One of the most revealing questions I tend to ask when interviewing potential managers is whether they’ve ever had to make the decision to fire someone. The answer and subsequent discussion usually tells you two things: first, it tells you if the person has ever had to deal with the most difficult problems in management, second it tells you if they know how to handle those problems through the process they followed. Assuming the person has ever had to hire and manage a team of a decent size for any length of time, it’s almost certain they’ve made hiring mistakes, and their answer tells you that they know how to detect and correct these mistakes.
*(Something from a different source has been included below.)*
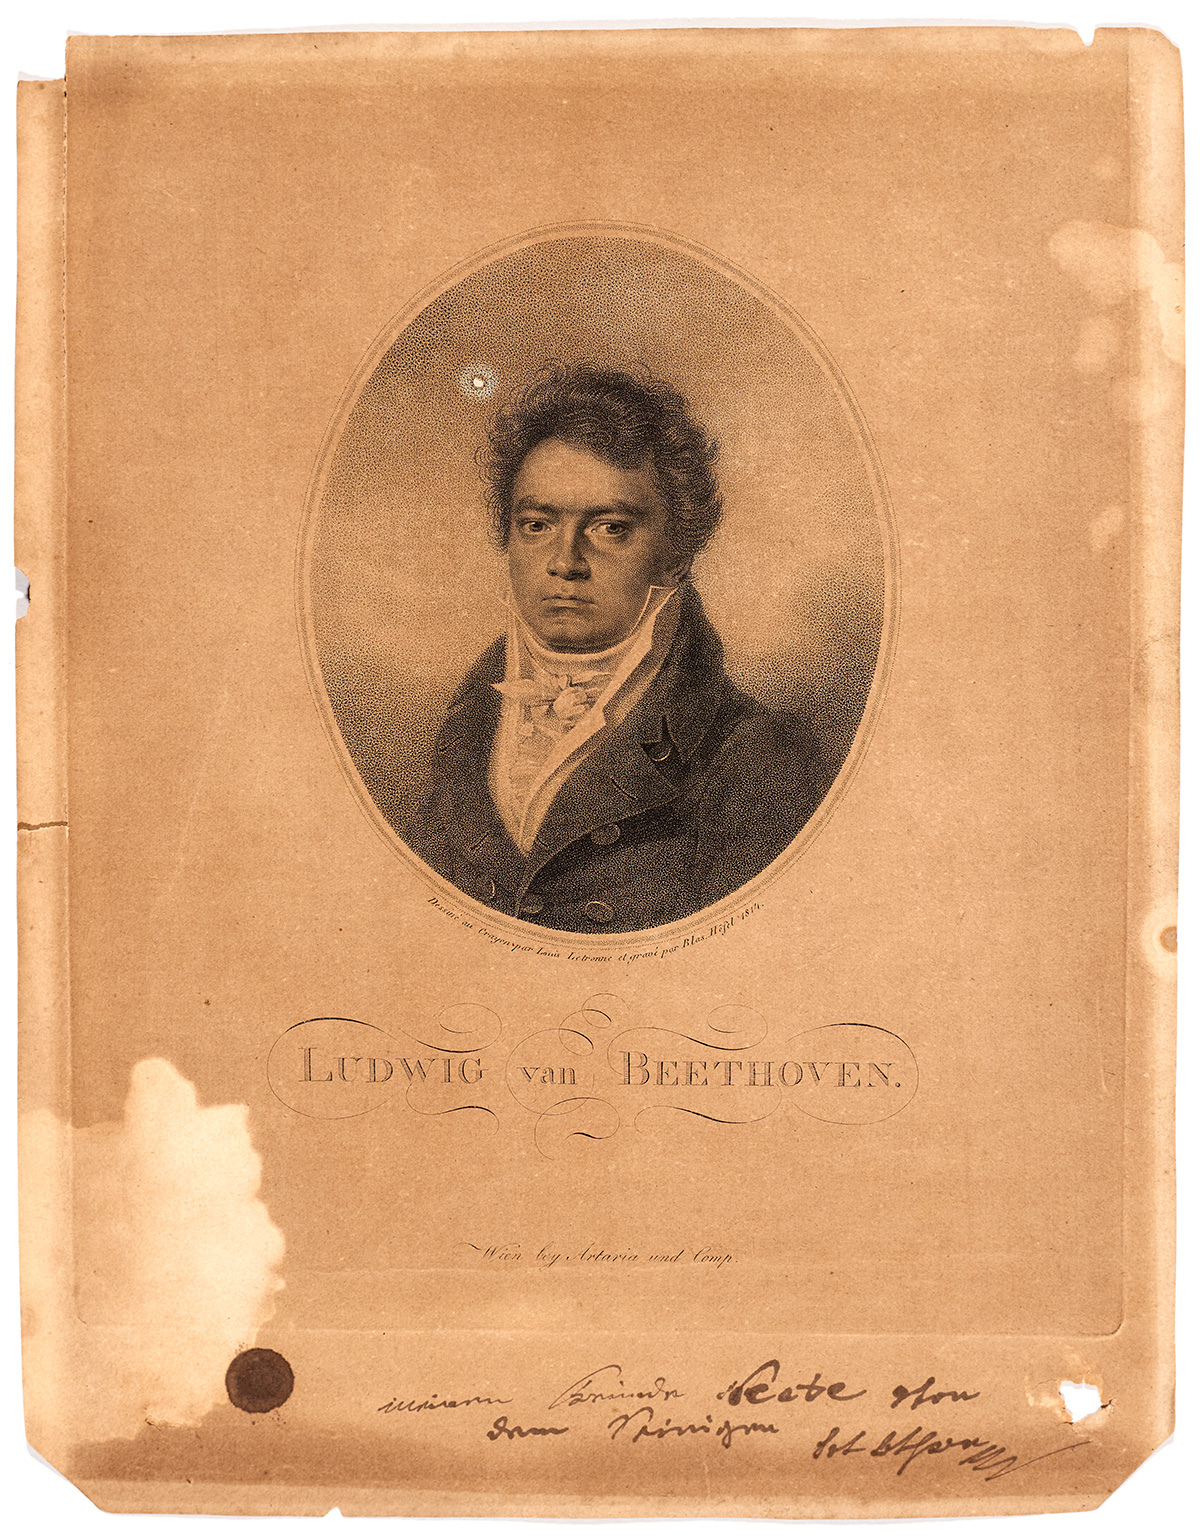 Ludwig van Beethoven, engraving by Blasius Höfel (1792-1863)

If the person simply walked into a mature team, or has had HR handle all the hiring/firing decisions for them, then they’ve been living on easy street.

The process of firing someone is always somewhat unique to each situation. That being said there are some basic principles that you should always follow:

  1. Give people plenty of notice and regular feedback. Give people several chances to improve. The actual firing should never be a surprise – if it is then you almost certainly did something wrong in setting expectations. Depending on the role the whole process should take 1-2 months (longer for senior roles.)
  2. Try to be generous with severance and leave the person in a good spot to find their next employment. I know it’s not always possible in a startup, but do what you can. It’s the decent thing to do.
  3. Take time to reassure the rest of the team and explain (with discretion) the process that was followed and why the decision was made. Letting someone go is always a huge morale hit (even if the person wasn’t well liked, it still scares people.) You need to make people understand that their job is not in danger.

Firing someone is always a brutal experience. Anyone who says otherwise is either lying or is a psychopath. That being said, it’s unfortunately a necessary evil and understanding when and why it needs to be done is essential to the success of any business.